Tadao Takahashi: Thank you Internet Society for having me here. It’s really a great honor. And I want to take the chance to thank many people who are not here, and some people who are here.
First my sister Laura who came all the way from Barcelona where she lives. My brother in arms Demi Getschko. You know him; he’s around and he came from São Paulo. My best friend and colleague Claudine de Oliveira, who is certainly watching the ceremony from Rio de Janeiro. And through Claudine and Demi, I wish to acknowledge the participation of hundreds of people. My idea is that it was more than 300 people for sure, whom I could recall individually and with whom I worked for ten to twelve years deploying the Brazilian Internet.
On the other hand I want to thank in the person of Glenn Ricart. A whole region of people abroad here in the US, Europe, and Japan who helped the Brazilian Internet initiative take off. And those people helped others in so many anonymous and generous ways.
To name a few let me cite Steve Goldstein who’s not here. Larry Landweber, who’s here. Saul Hahn was mentioned by Pietrosemoli. Andrew McLaughlin, Daniel Karrenberg, etc.
Now, let me take the chance to make a few comments regarding the situation in Brazil when we started to deploy the Internet and compare it with the situation today, thirty years later. Thirty years ago when we started to think about actively connecting the country to the then-academic Internet which was taking off in the world, the situation in Brazil was pretty much as you see today on the news. Inflation rates pretty high, a totally discredited political party in power, a significant parcel of the population struggling to barely maintain a [modus operandi?] to the next day and so on.
Even in that situation, we were able to get started and we were able to get the support of all those people I mentioned and I didn’t mention, so that the Brazilian initiative for the Internet took off with energy. And throughout the early 90s the result started to show that the bet on the future was really the correct thing to do.
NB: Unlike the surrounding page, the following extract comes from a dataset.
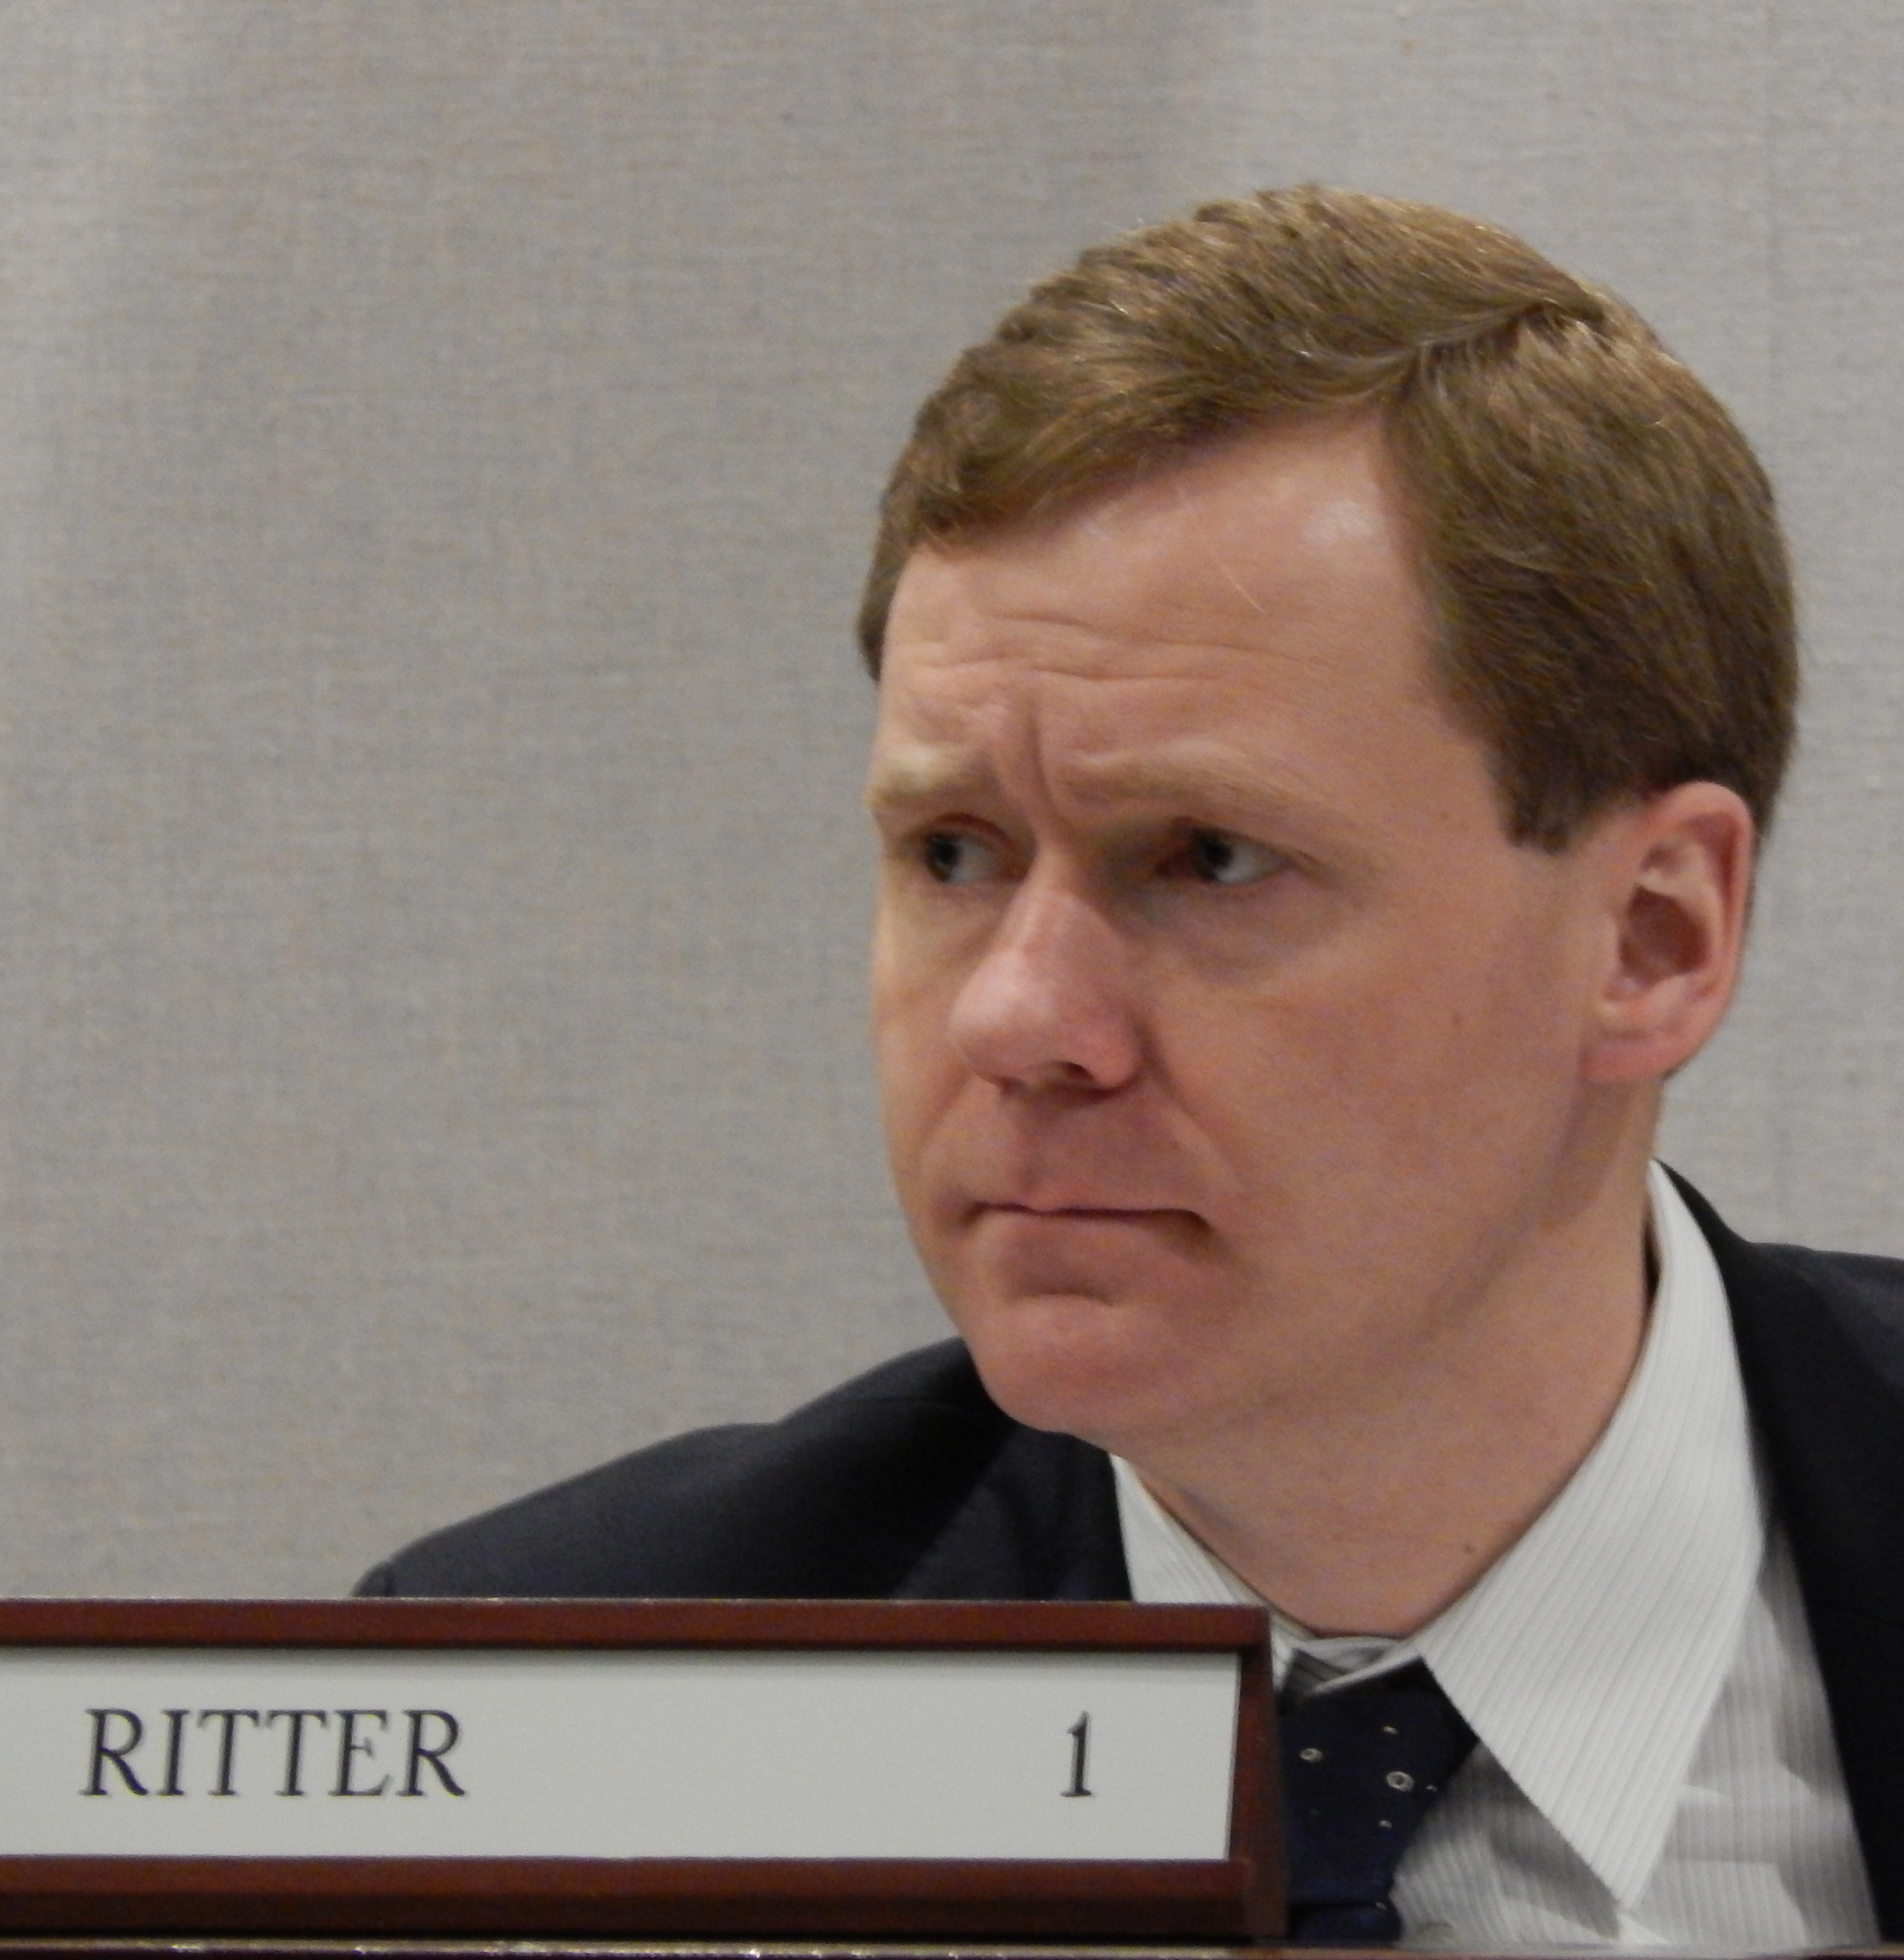 If Democrats win, Matt Ritter to be next CT House majority leader

Now, looking at Brazil again thirty years later, we see the very same situation. And the question is what to do. The whole country has been waiting to see when and how recovery will begin, political, economic and so on. Meanwhile, you see several initiatives related to ICTs and to Internet in Brazil have been advanced by the government and by the private sector because life goes on and you cannot just sit there waiting for something to happen. And I would say that even the Brazilian government and particularly the secretariat for ICT policies in Brazil, they have been carrying their duties with competence under very difficult circumstances.
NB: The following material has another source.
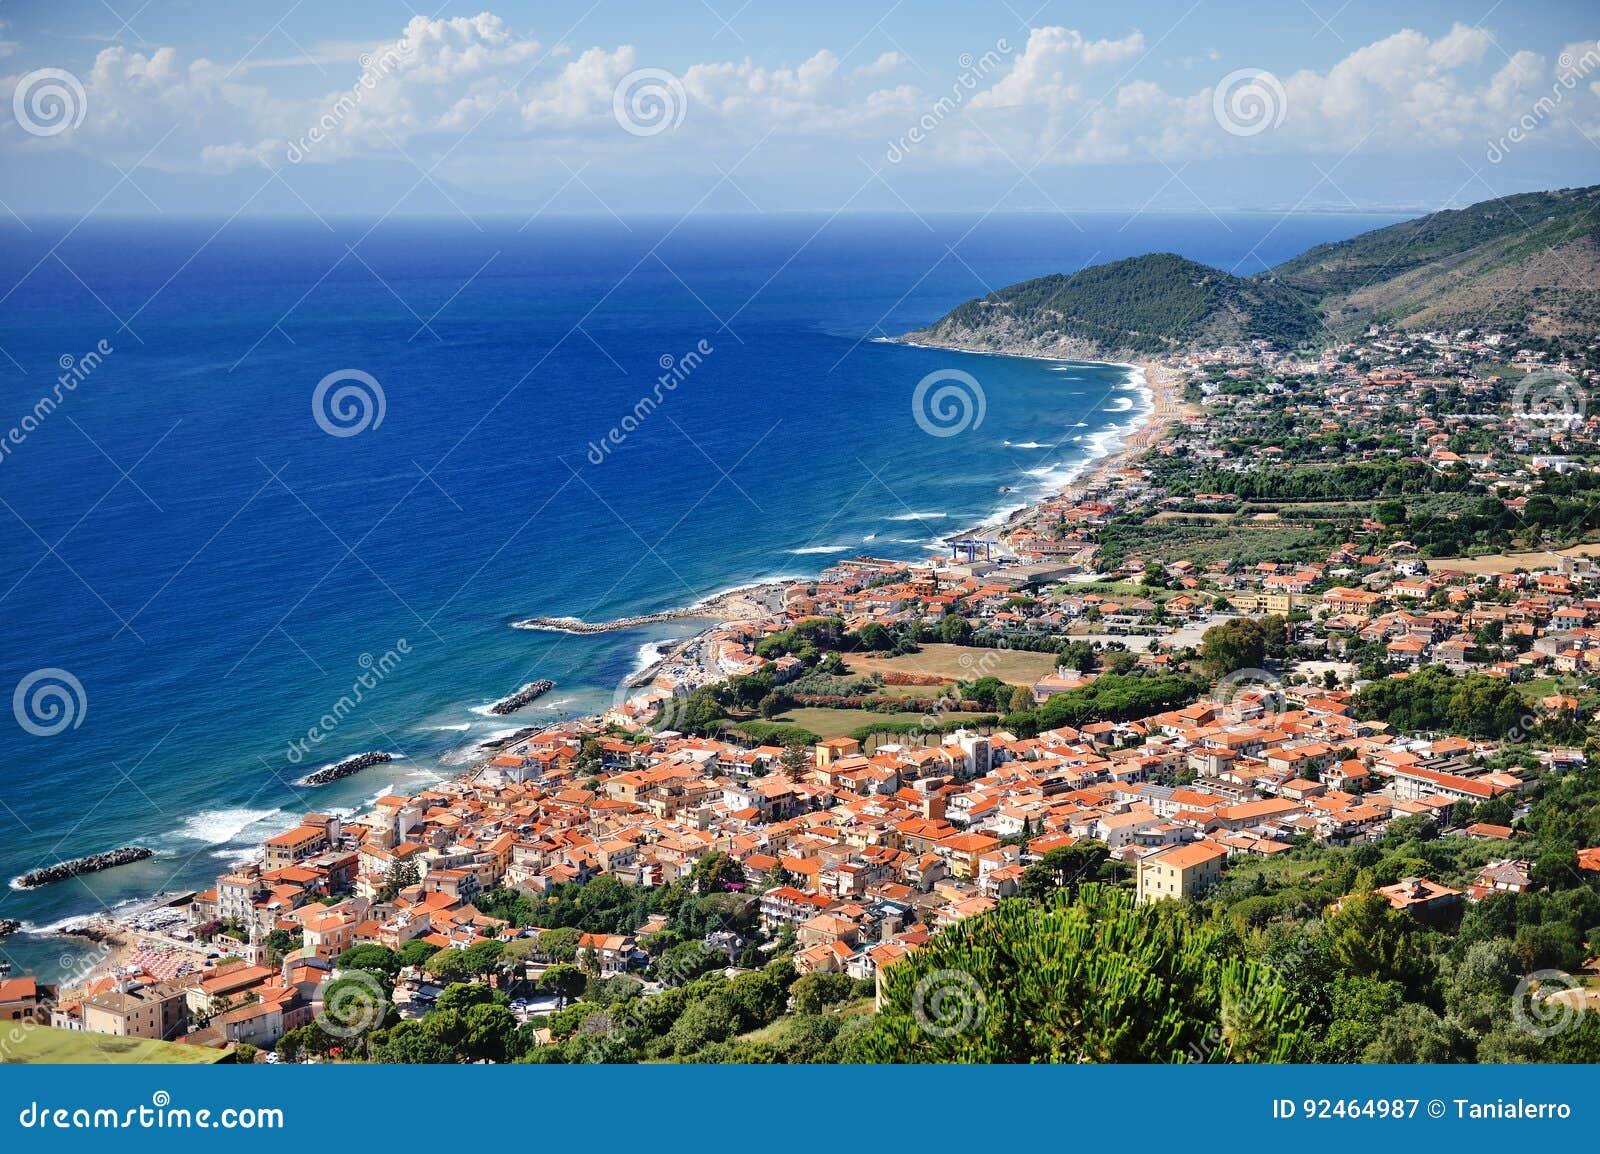 Castellabate scenic panoramic view, Cilento, Campania, Italy

So, what to do? We have been watching these initiative with great sympathy. Because in times of crisis, even those run-of-the-mill activities are important in order to prepare the country to restart functioning properly in better times which we expect are going to come from next year on.
On the other hand, since at least two years ago my group has been participating in several discussions regarding what to do to take ICTs and the Internet to Brazil to a really strategic next level as a super-governmental initiative (not to depend too much on governments) in order to structure the basis for a strong, sustainable cycle of economic and social development aiming at the year 2030 as the year where we’re going to cross the watermark again, so to say.
So, the short stay at this ISOC event has been very important for me. Because it has allowed me to get updated on current issues and ideas. It has allowed me to renew old and always-precious contacts (there are many people here who I have not seen for the last twenty years or so), so that I can really get to reenergized and anxious to get back to Brazil.
And a final comment is that I was watching the talks and ideas of those under-25s here, and it gets clear in my mind and in the mind of everybody, I think (as if it could be forgotten which is impossible) why and how we have to face our troubled times with renewed confidence. It is that in any country there are countless under-25s at this ripe moment, looking for ways to contribute to the future of the country through ICT initiatives. So, in each country and in each troubled time, it is time to rearticulate the future, to pass the baton on, and to rest assured that an eager and enthusiastic generation will take on. And that’s basically what we are doing.
Thank you again for the opportunity to be here. I’m really humbled and honored. Thank you.